CI/CD, Release, And Pre-Push Gate Contract

Before PR:

  • Focused tests pass.
  • Old behavior remains behind flag false.
  • No production default flips to true.

Before staging:

  • Operator can enable flag in staging env.
  • Sandbox repo target is configured.

Before production:

  • Staging proof artifact exists.
  • Rollback command is known.

Independent CLI Audit Contract

Reviewer commands:

git diff -- lib/evaluate.py lib/llm.py lib/config.py tests/test_evaluate_agent_routing.py
python3 -m pytest tests/test_evaluate_agent_routing.py

Reviewer checks:

  • No deprecated scripts revived.
  • No secrets introduced.
  • Feature flag false preserves old path.
  • Feature flag true bypasses default Leo second-review.
  • Cross-domain aggregate requires all required reviewers to approve.

Outside-The-Box Fix Paths

If compatibility fields become confusing:

  • Add a narrow DB migration for route_json and agent_verdicts_json.

If batch eval blocks safe integration:

  • Disable batch eval under Phase 1b flag for one release.

If LLM review prompts get too large:

  • Load only identity plus beliefs first, then add reasoning/skills later.

Maintenance Capture

Beneficial now:

  • Isolate Phase 1b logic into helpers instead of expanding evaluate_pr deeply.
  • Keep rollback path explicit.

Avoid now:

  • Full eval architecture rewrite.
  • Dashboard redesign.
  • Broad DB migration unless tests require it.

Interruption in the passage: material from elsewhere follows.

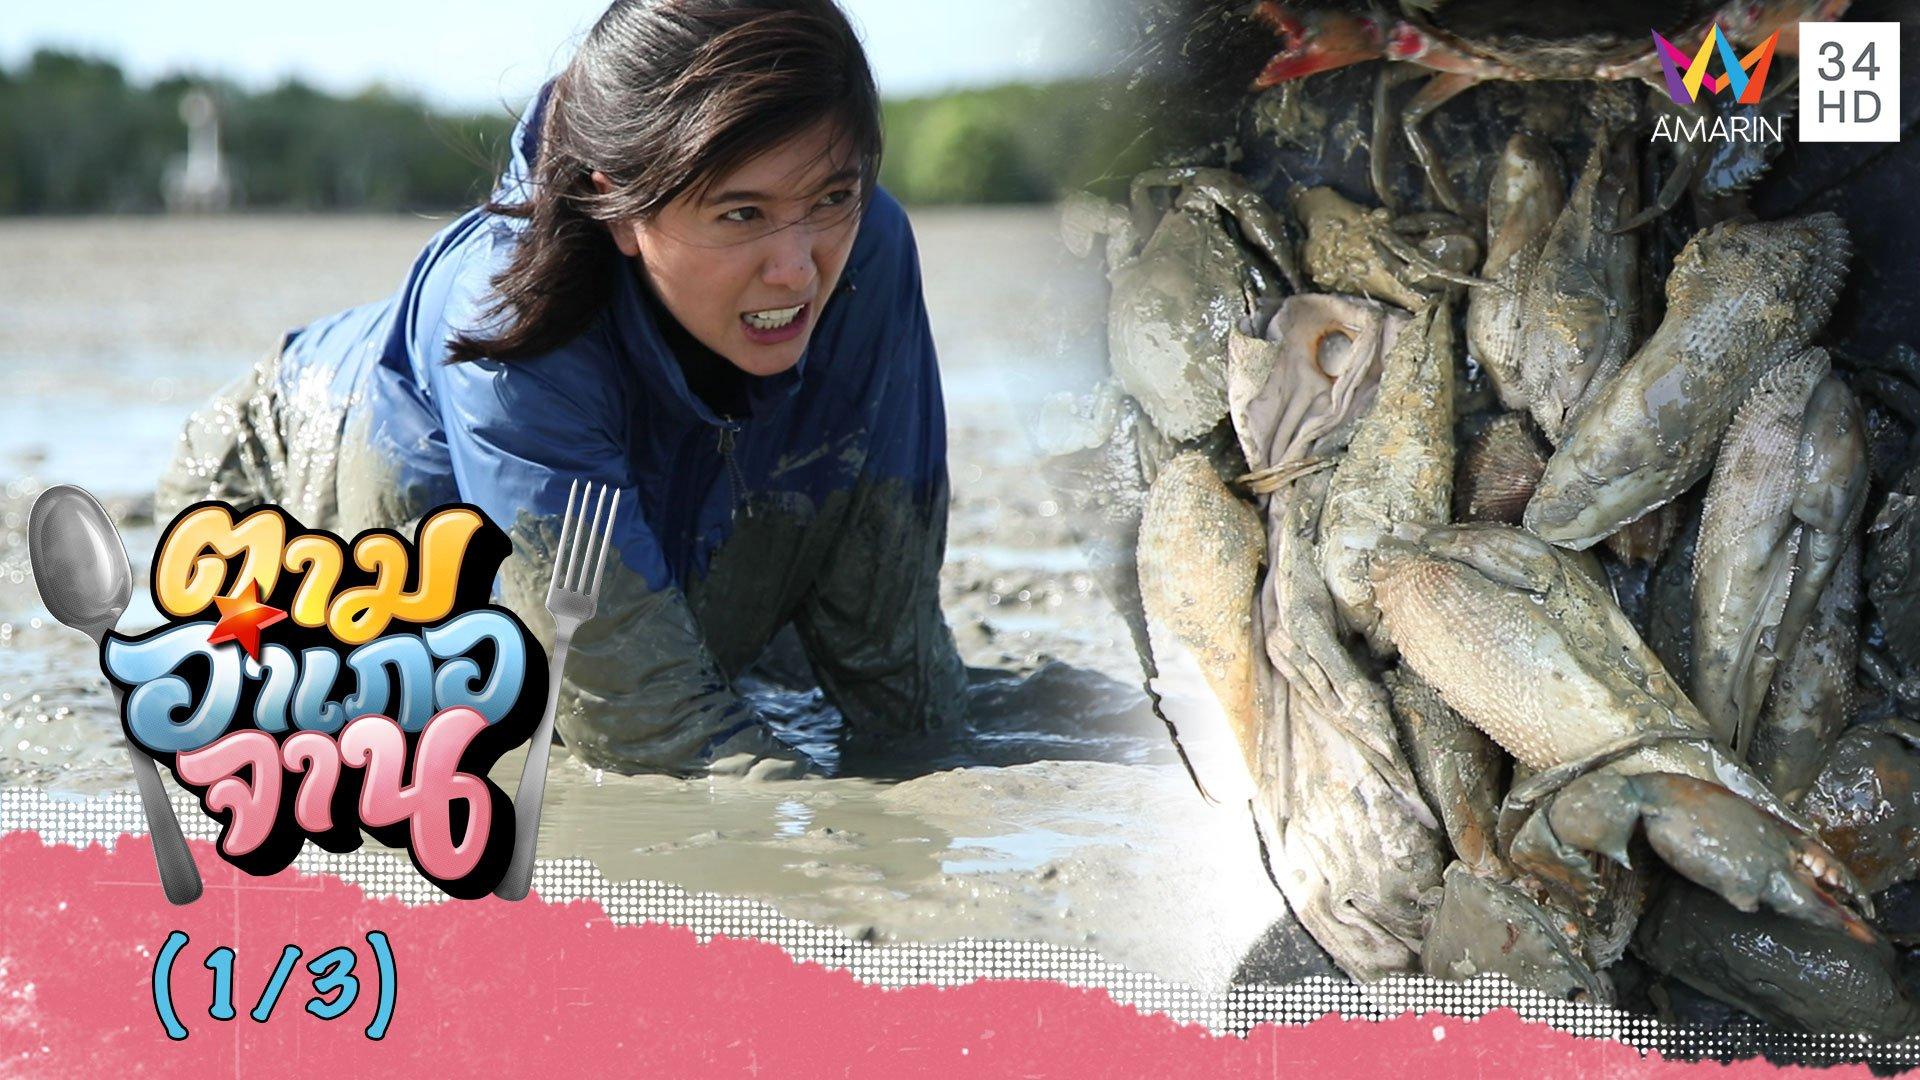 ลงใต้ตามหา 'หอยพิม' หอยหายาก จ.สตูล   ตามอำเภอจาน   21 มี.ค. 63 (1/3)   AMARIN TVHD34

Parallelization And Fanout

Classification: local_owner.

Do not fan out before the router contract lands. Eval integration depends tightly on route result semantics.

Worker-ready prompt:

wire phase 1b routing into teleo-infrastructure eval behind PHASE1B_AGENT_ROUTING_ENABLED. own lib/evaluate.py, lib/llm.py, lib/config.py, and mocked eval tests. run required agents from the route result, aggregate verdicts, preserve old behavior when the flag is false, and do not revive deprecated scripts.

Acceptance Criteria

  • Flag false path remains available.
  • Flag true path runs required agents only.
  • One or two verdicts aggregate correctly.
  • Existing merge or feedback path is preserved.
  • Focused mocked tests pass.

Readiness And Claim Boundaries

Allowed claim:

  • "Phase 1b eval integration is locally tested behind a feature flag."

Forbidden claim:

  • "Phase 1b is live."

Spec Quality Self-Audit

All required execution-grade headings are present. This spec intentionally defers exact production commands to the staging/proof child spec because they depend on VPS truth.

Assistant-Added Caveats

The compatibility use of domain_verdict and leo_verdict is a pragmatic Phase 1b bridge. A cleaner route schema may be worth adding after staging proof, but a premature migration would widen the blast radius.